たまにそれを聞きたくもなるが、尋ねてしまえば今までの関係が消えてしまうような気がしてしまう。
自分が弱い男だと、常々思う。何もできない、ただ共にいる事しか出来ない。
それにも関わらず、彼女は契約を切る事無く、俺のサーヴァントであり続けてくれている。
懸命に戦うキミに、俺は何を返せるのだろう。
第二特異点――味方陣営のサーヴァントと合流する際、事件は起きた。
メイヴの属性の一つ、王である事にスパルタクスが反応したのだ。
俺が従者であり、彼からすれば圧政を受けている者と判断したのだろう。
「おぉ、圧政を受けし者よ! そなたを解放しよう! 共に解放の自由を目指そう!」
「いかん――!」
「うーん、無いわ。

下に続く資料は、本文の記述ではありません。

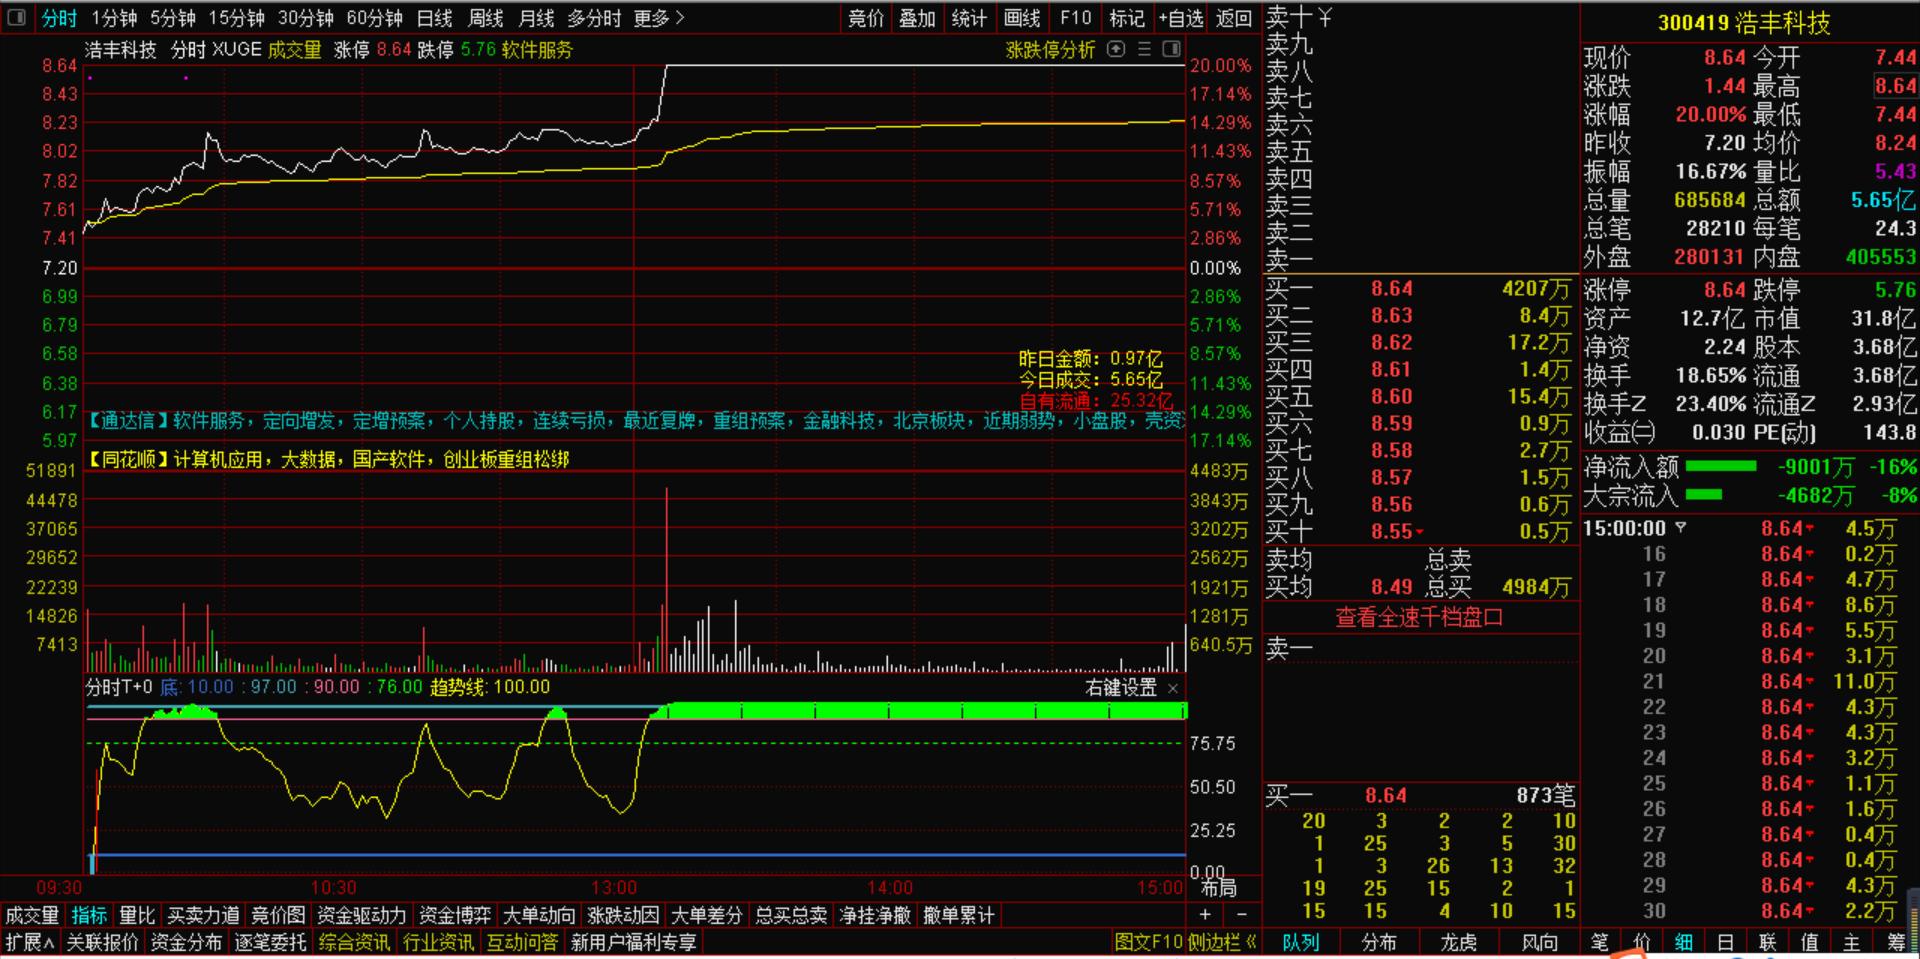 10月20号机智资金流 为什么有些个股会出现资金流出股价反而上涨的情况?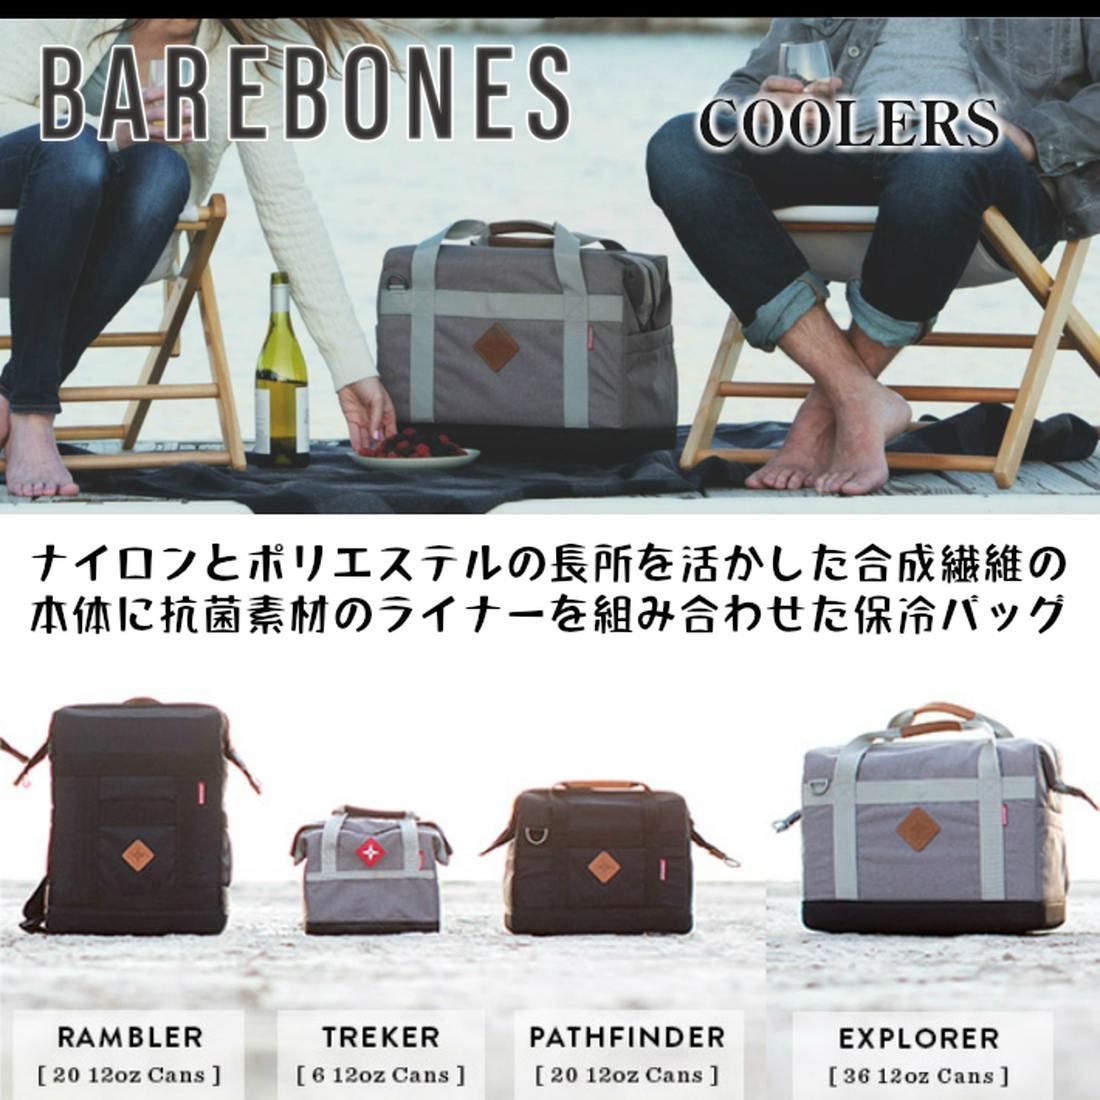 ベアボーンズ リビング ソフトクーラー ランブラー 保冷バック  国内正規品

無いわね。勇士なんてガラじゃないし、男としても三流以下だわ」
荊軻さんが止めようとするが間に合わない。
メイヴは既に迎撃する構え。このままだと交戦は避けられない。剣を振りかざされている。
――彼女の間に割り込んで、まっすぐにスパルタクスを見つめた。
俺の額寸前で、その刃が止められる。
サーヴァントの威圧感に、骨の芯まで凍り付くほどの寒気を感じた。息が止まり、頭痛が膨張する。
「――は、っぁ」
「ま、マスター……?」
『アラン君!?』
恐怖を押し殺し、張り詰めた息を吐きだす。
今のスパルタクスにとって、俺は解放すべき対象なのだろう。ならば刃は来ないだろうと、判断した結果。
命がけのギャンブルも同然だったが。
「――道を開き給え、その女は圧政者であり打ち滅ぼす敵に他ならん。そなたは解放を望む同志ではないのか」
「それは、出来ません。彼女は、パートナーです」
「ほう、ではキミも圧政者なのかね。であれば愛を送るに値するが」
刃は動かない。もし彼が手を動かせば、俺の体は簡単に潰されるだろう。
言葉を、慎重に。そして目を逸らすな。
「こらこらこら! 何してんのさ、スパルタクス! その子達は仲間だよ!」
「――ぬ?」
「さっきアタシが説明したでしょ?」
「ぬぅん……」
「……?」
荊軻に連れられて行くスパルタクスを見ながら、ブーディカさんに謝罪される。
さすがバーサーカー……。意思疎通に命掛けとは。
「ごめんね、怖い思いさせちゃったかな」
「いいえ、大丈夫です。助け舟ありがとうございます」
『こっちも肝を冷やしたぞ! 一体、何を考えてるのさ!』
「いや、その。俺は、マスターですし……」
『……結果的に戦闘を回避出来たからいいものの、下手すれば死んでいたんだぞ!?
もっと自分を大切にしてくれ!』
「す、すみません……」
『今のは無謀と言う他ないかなぁ……。こちらの戦力ならスパルタクスを抑える事も容易だったし。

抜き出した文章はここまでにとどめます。